Microsoft corrigió 63 vulnerabilidades de una sola vez, pero los hackers lograron explotar una.
La mayor amenaza salió a la luz demasiado tarde.
En el ciclo de parches de noviembre, Microsoft solucionó 63 vulnerabilidades, incluida una brecha crítica de día cero que ya se había utilizado en ataques. En esta ocasión, las correcciones abarcaron una amplia gama de componentes de Windows y productos de Microsoft, desde el núcleo del sistema operativo hasta el paquete Office y soluciones en la nube.
Según la propia empresa, el problema más peligroso afectaba al núcleo de Windows y permitía obtener privilegios del sistema mediante una condición de carrera: a la vulnerabilidad se le asignó el identificador CVE-2025-62215. El fallo permitía escalar privilegios localmente aprovechando una sincronización incorrecta al compartir recursos. La información sobre su explotación procedió del equipo interno de amenazas cibernéticas de Microsoft.
Entre las demás vulnerabilidades, 29 están relacionadas con la elevación de privilegios, 16 permiten la ejecución remota de código, 11 exponen información sensible, 3 provocan fallos en el sistema, 2 eluden mecanismos de protección y otras 2 se refieren a la falsificación de datos.

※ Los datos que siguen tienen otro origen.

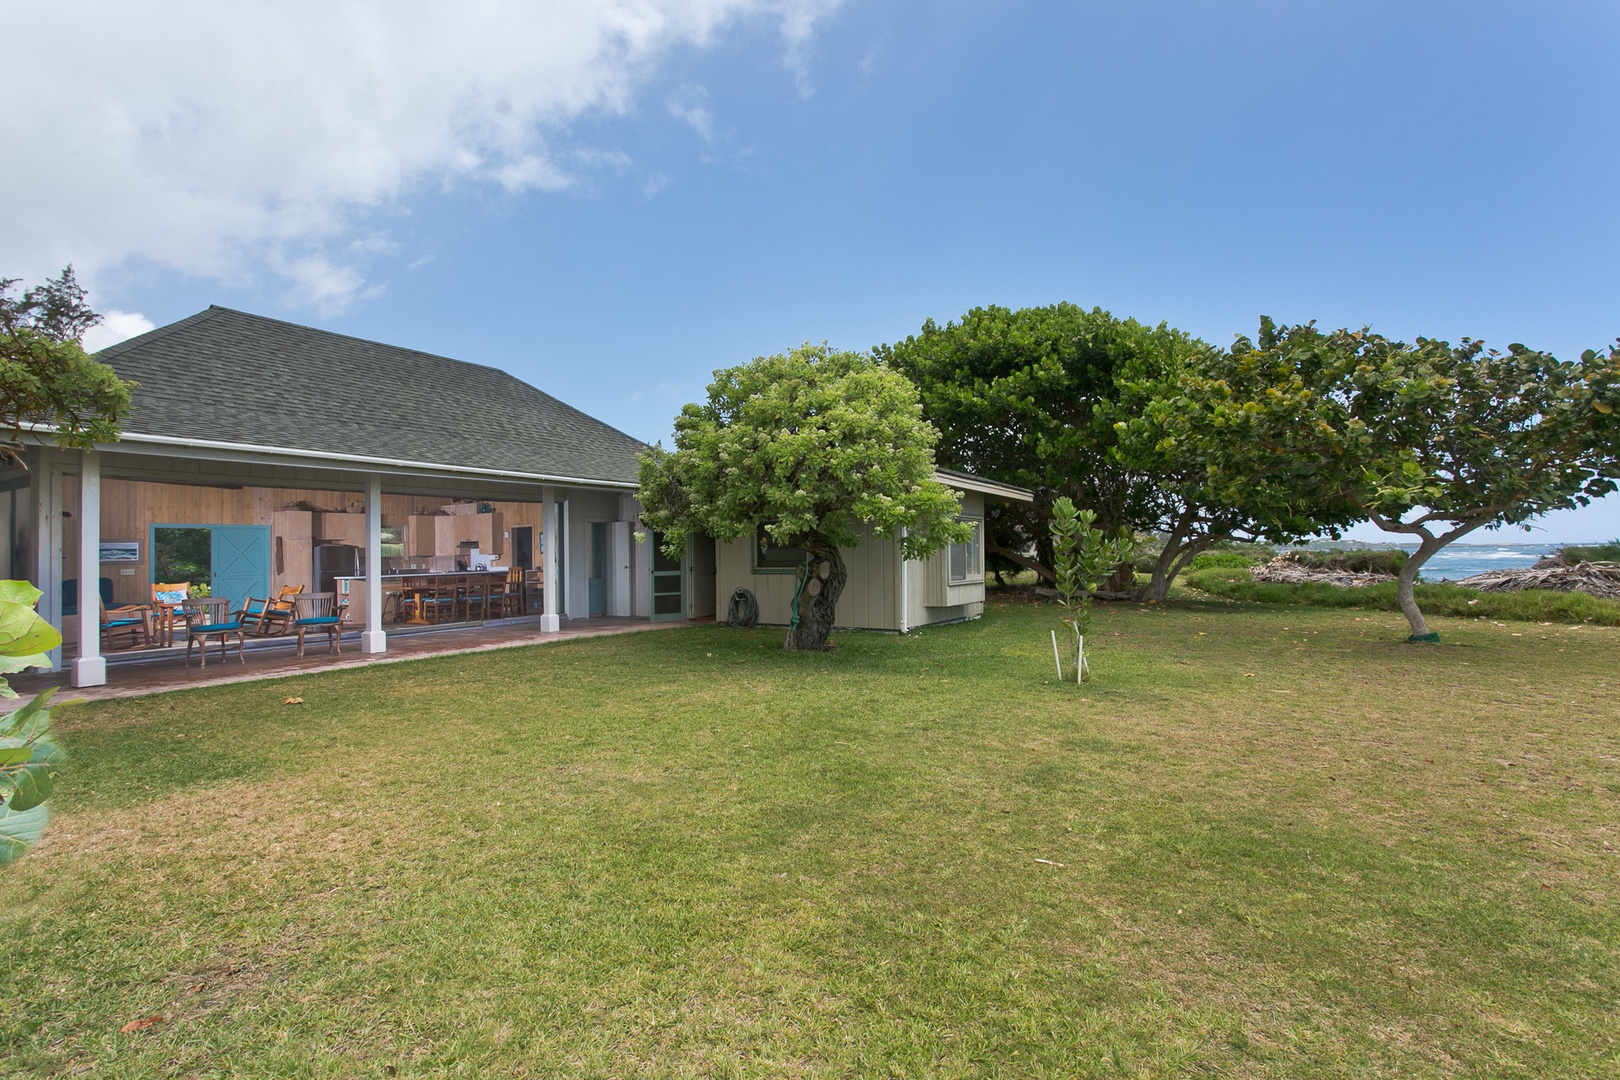 Laie Vacation Rentals, Waipuna Hale - Waipuna Cottage, with oceanfront views.

De ellas, 4 recibieron la calificación de «críticas», entre otras cosas por la posibilidad de ejecución remota de código arbitrario.
Las actualizaciones afectaron tanto a versiones actuales de Windows como a sistemas obsoletos. Por primera vez en el marco del soporte extendido, Windows 10 recibió una actualización; para los usuarios de este sistema operativo Microsoft también publicó una corrección fuera de banda para un error que impedía la inscripción en el programa ESU. Además de las correcciones de vulnerabilidades, la compañía también lanzó las actualizaciones KB5066835 y KB5066793 para Windows 11, y para Windows 10 — la compilación KB5068781.
Paralelamente a Microsoft, otras empresas también publicaron actualizaciones. Adobe corrigió vulnerabilidades en productos como InDesign, Illustrator, Photoshop y otros. Cisco solucionó errores en varias soluciones, incluidas ASA y sistemas de identidad de usuarios, y además advirtió sobre una nueva oleada de ataques que aprovechan vulnerabilidades antiguas.
En la biblioteca expr-eval para JavaScript se corrigió un error crítico de ejecución remota de código. Fortinet publicó una actualización para FortiOS que resuelve un problema de elevación de privilegios. En Android, el boletín de noviembre de Google corrigió dos vulnerabilidades. Además, Ivanti, SAP, Samsung y QNAP sincronizaron con Microsoft la publicación de sus actualizaciones mensuales. En particular, QNAP corrigió siete vulnerabilidades de día cero que se demostraron en el concurso de hacking Pwn2Own Ireland 2025.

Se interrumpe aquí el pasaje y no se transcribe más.